Your objective: Set out word for word the line that contains "Bootssitz - 42 x 50 x 51 cm - Blau, Weiß" and each line after it, through the end of the data below, but exclude the pictures.

Data excerpt:
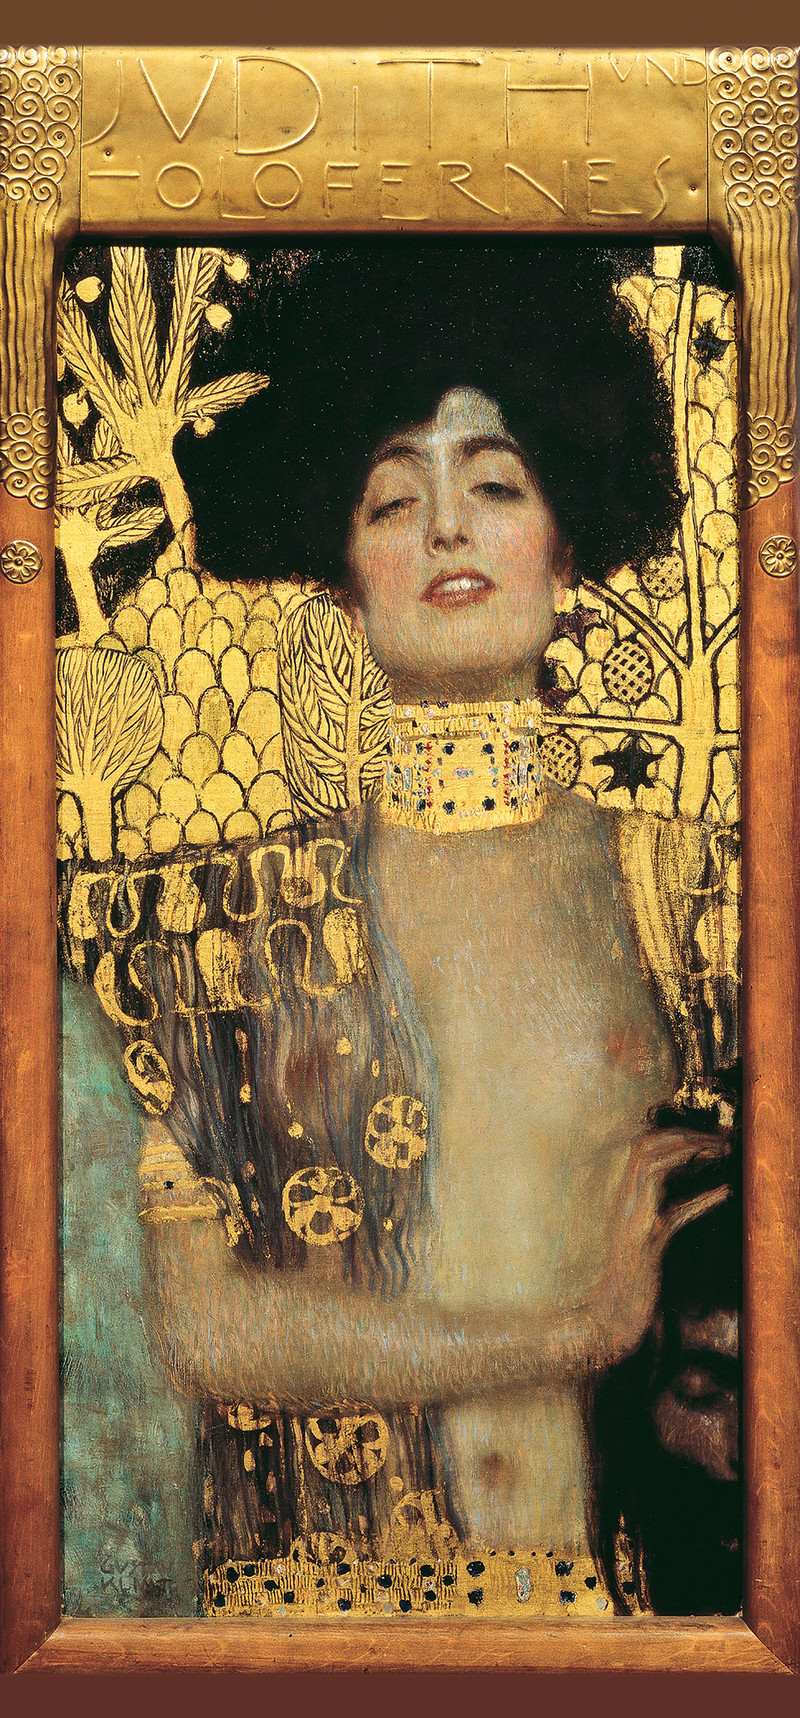 'Judith I', 1901 von Gustav Klimt. Die Mörderin und das Haupt ihres Opfers Holofernes
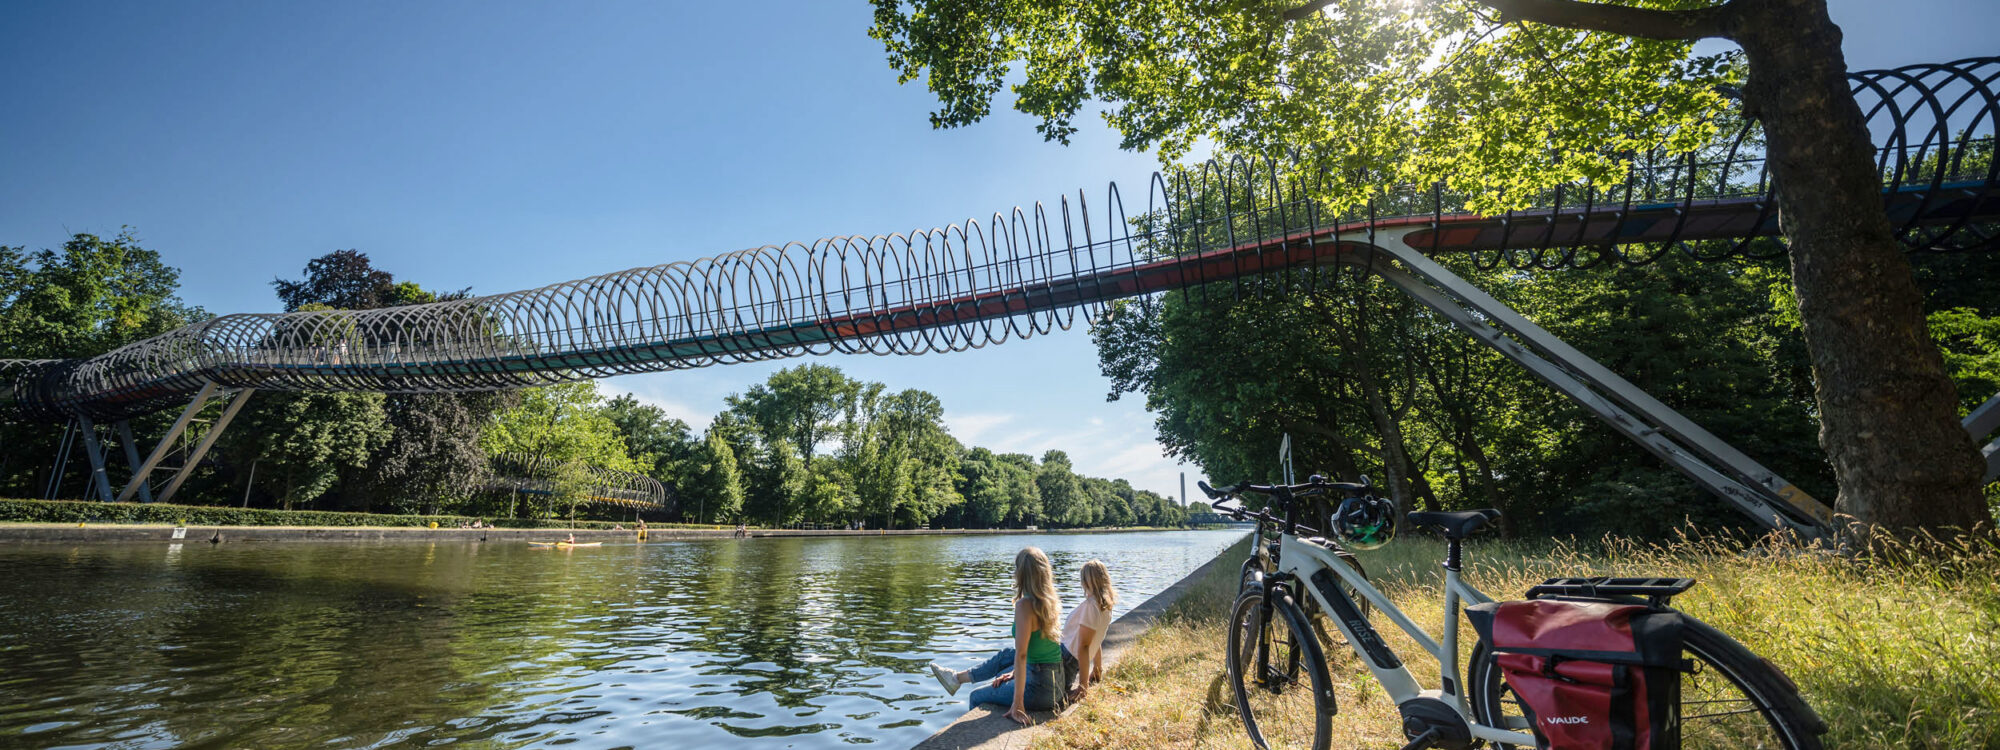 De foto toont twee fietsers aan de oevers van het Rhein-Herne-kanaal voor de Slinky Springs to Fame-brug in Oberhausen
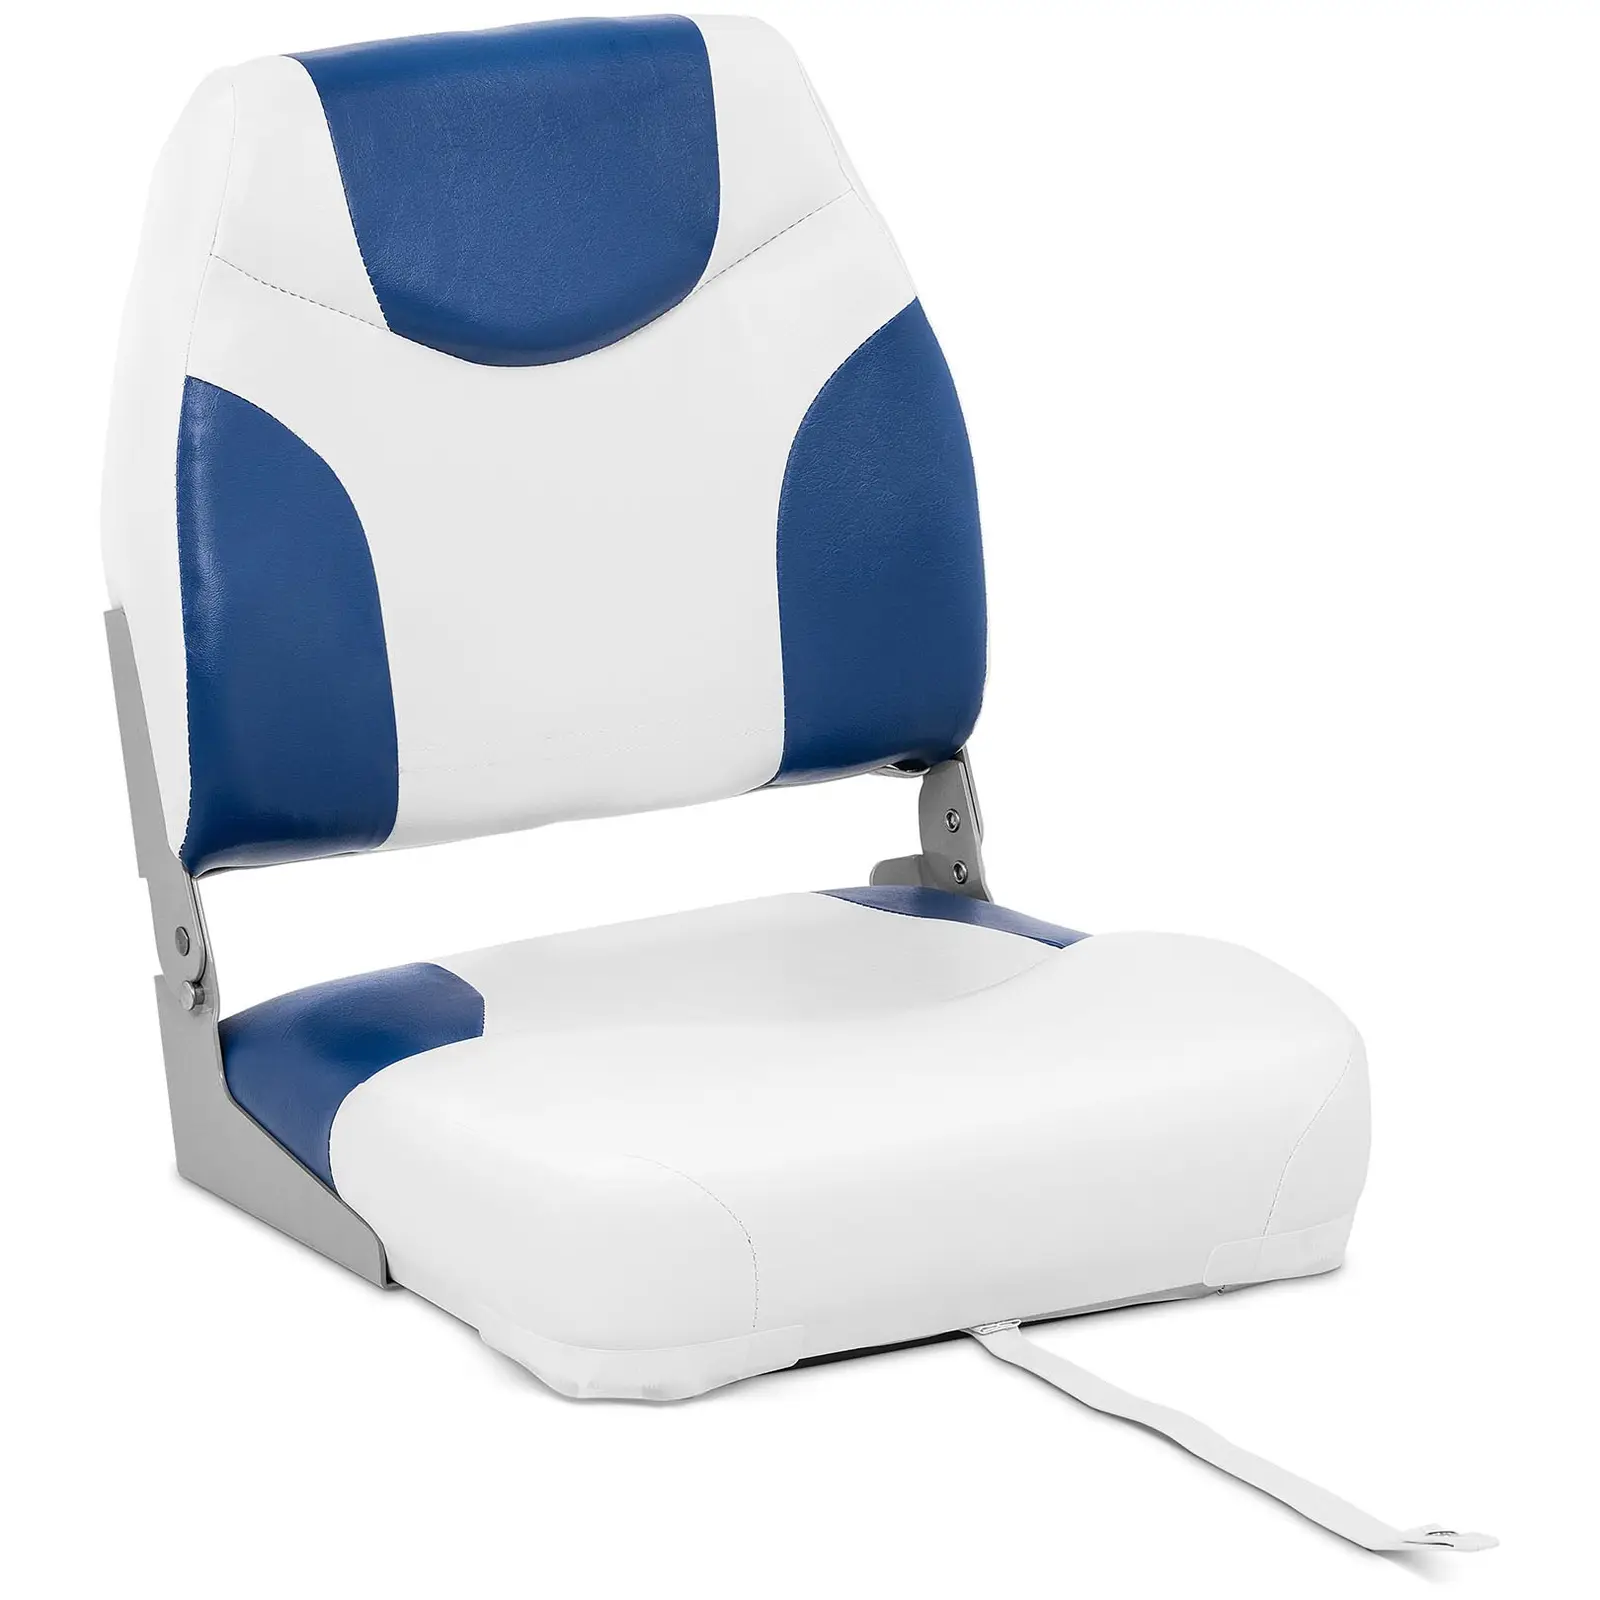 Bootssitz - 42 x 50 x 51 cm - Blau, Weiß
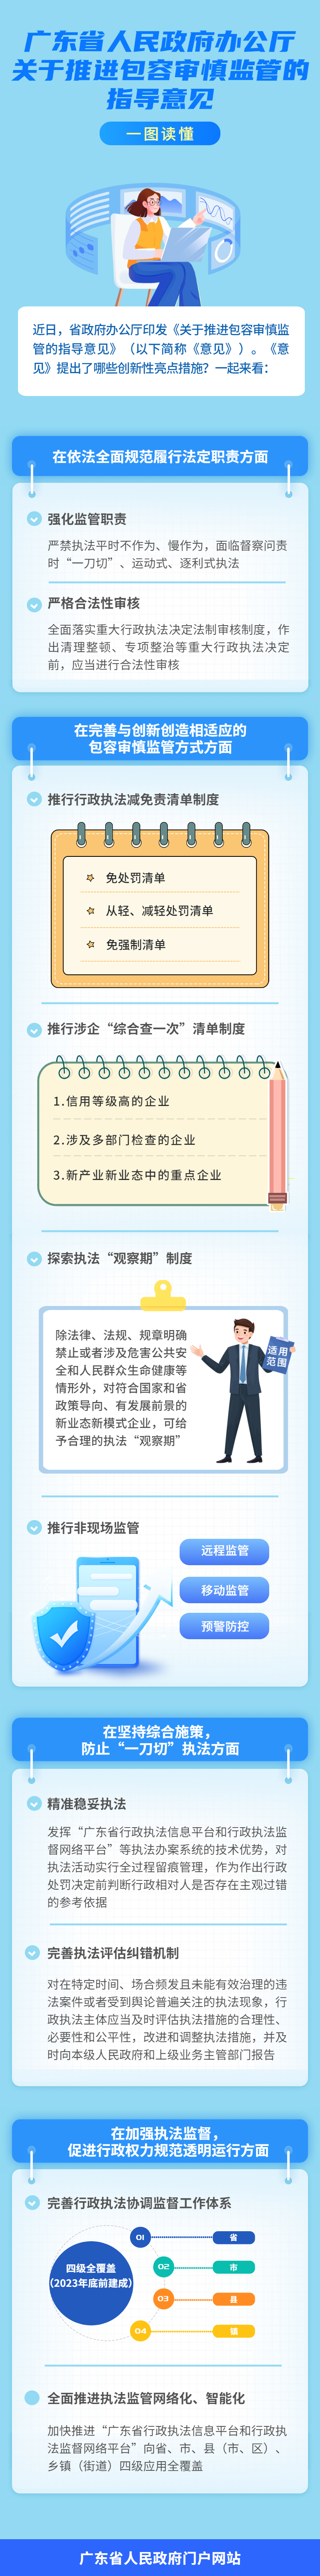 一图读懂广东省人民政府办公厅关于推进包容审慎监管的指导意见

Expected answer:
 Bootssitz - 42 x 50 x 51 cm - Blau, Weiß
 一图读懂广东省人民政府办公厅关于推进包容审慎监管的指导意见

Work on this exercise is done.